In 1986, the surviving cast from the show reunited for a TV film, Return to Mayberry. In it, Andy — who married Aneta Corsaut’s Helen Crump in the series finale — returns to Mayberry to run for sheriff against Barney. Opie, meanwhile, is married and the editor of the local paper. The only major players who didn’t return were Howard McNear, who played Floyd the barber, who died in 1967, and Bavier, who was too ill to leave her retirement home (she died in 1989 at 89 years old).
“I didn’t think the experience would live up to my expectations,” a then-32-year-old Howard told PEOPLE at the time about the reunion. “But the feelings are still there.” By then, the Happy Days alum had already found early success as a director, with movies like Splash, Cocoon and Gung Ho.
The original series was filmed on a Hollywood backlot that stood in for the fictional town of Mayberry, N.C., but for the reunion, Los Olivos, Calif., was transformed to look like the town. “It feels like old home week,” Nabors told PEOPLE about getting the gang back together.
George Lindsey, who played Goober Pyle, said, “This was a family that we all grew up with. They’re going to have to bury me in my Goober hat.” Still, he joked, “I couldn’t remember how to do Goober at first.”
The cast, PEOPLE reported, was quick to tease Howard on set. “I thought you had to be 50 to get your name on a director’s chair,” Griffith joked at one point.
The star explained that the idea for the reunion formed when he, Knotts and Howard presented an Emmy together in 1983. “I was surprised at the amount of audience laughter,” Griffith said. “We went out to dinner and talked about doing the reunion.”
Everyone agreed to come back. “I think everybody would have been disappointed not to be asked,” Howard said.
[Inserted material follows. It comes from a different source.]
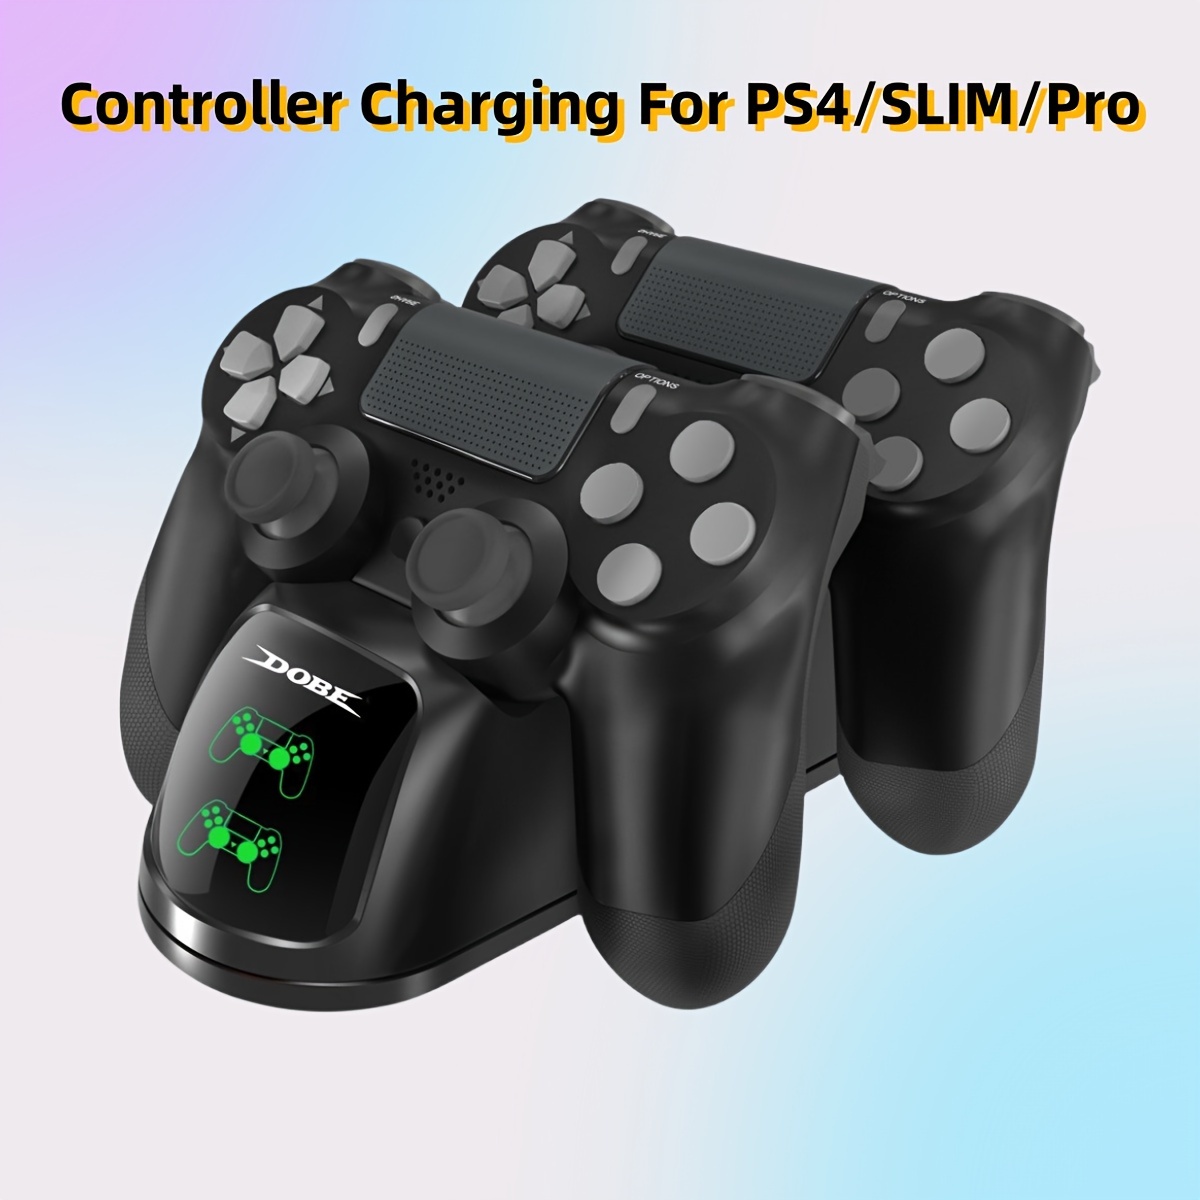 Cargador de controlador PS4, cargador PS4, estación de carga USB compatible  con Dualshock 4, puerto de carga rápida mejorado para controladores

Griffith, who was 59 at the time, told PEOPLE that when the original show ended, he thought he was well-placed for a movie career. “I thought I was going to be hot stuff,” he said. “Instead, I sat around the house for several years.” He starred in the short-lived series 1970’s The Headmaster and 1979’s Salvage and appeared in made-for-TV films. He would ultimately find success again on Matlock, which premiered with a TV movie just a month before Return to Mayberry aired. “I’m working harder than ever,” he said.
But of his namesake show, he said, “Those were the best years of my life.”